Date of Award

2013

Degree Type

Thesis

Degree Name

Master of Arts (MA)

Department

Psychology

First Advisor

Gorman, Kathleen

Abstract

The purpose of this study was twofold: To investigate the association between parental feeding styles (authoritarian, authoritative and permissive) and maternal locus of control orientation, and to determine whether depression moderated the relationship between feeding style and locus of control. Participants were 68-English speaking mothers of preschool age children (3 to 5), who participated in two previous studies. Measures of parental feeding style, maternal depression, and locus of control, as well as basic demographic data were drawn from larger interview batteries administered as part of the previous studies.

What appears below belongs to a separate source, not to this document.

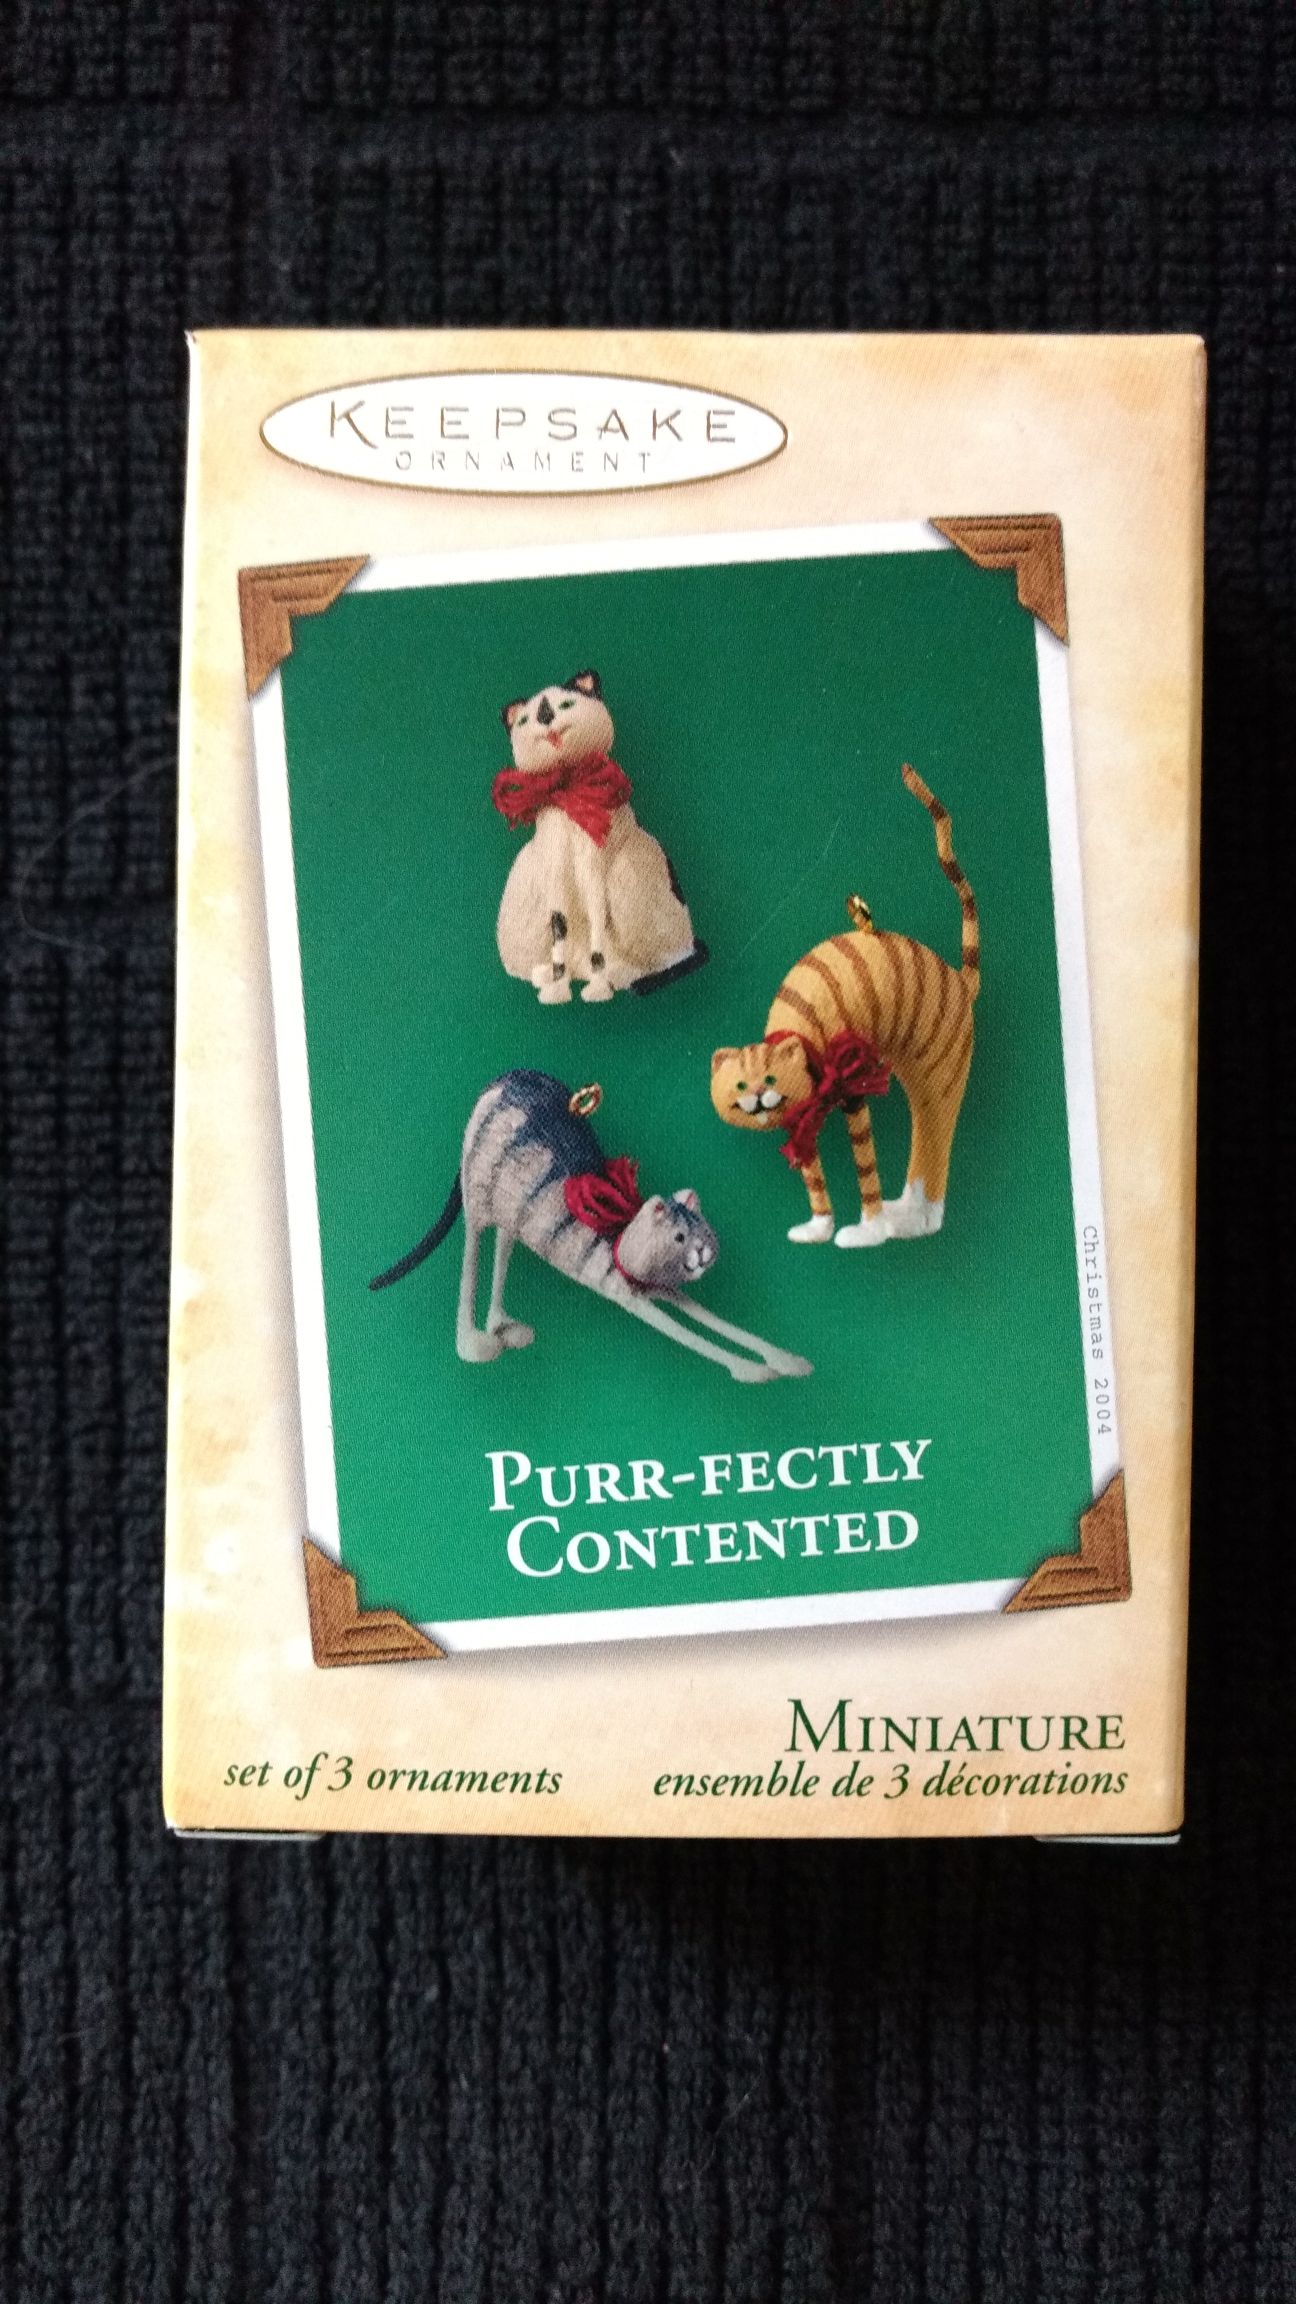 Purr-fectly Contented - Keepsake Miniature (Pet) ornament collectible [Barcode 5073017782073] - Main Image 1

It was hypothesized that a more internal locus of control orientation would be associated with an authoritative feeding style, while a more external locus of control would be associated with permissive and authoritarian feeding styles. Depression was expected to moderate the relationship between a more external locus of control and authoritarian and permissive feeding styles, such that an external locus of control would be associated with authoritarian feeding style when levels of depression were lower and a permissive feeding style when levels of depression were higher.

Contrary to hypotheses, a permissive feeding style was associated with a more internal locus of control. No association was found between locus of control and authoritarian or authoritative feeding styles. Additionally, no feeding style was associated with depression. It is suggested that future research examine the bidirectional nature of the parent-child relationship and its affects on maternal locus of control and feeding style.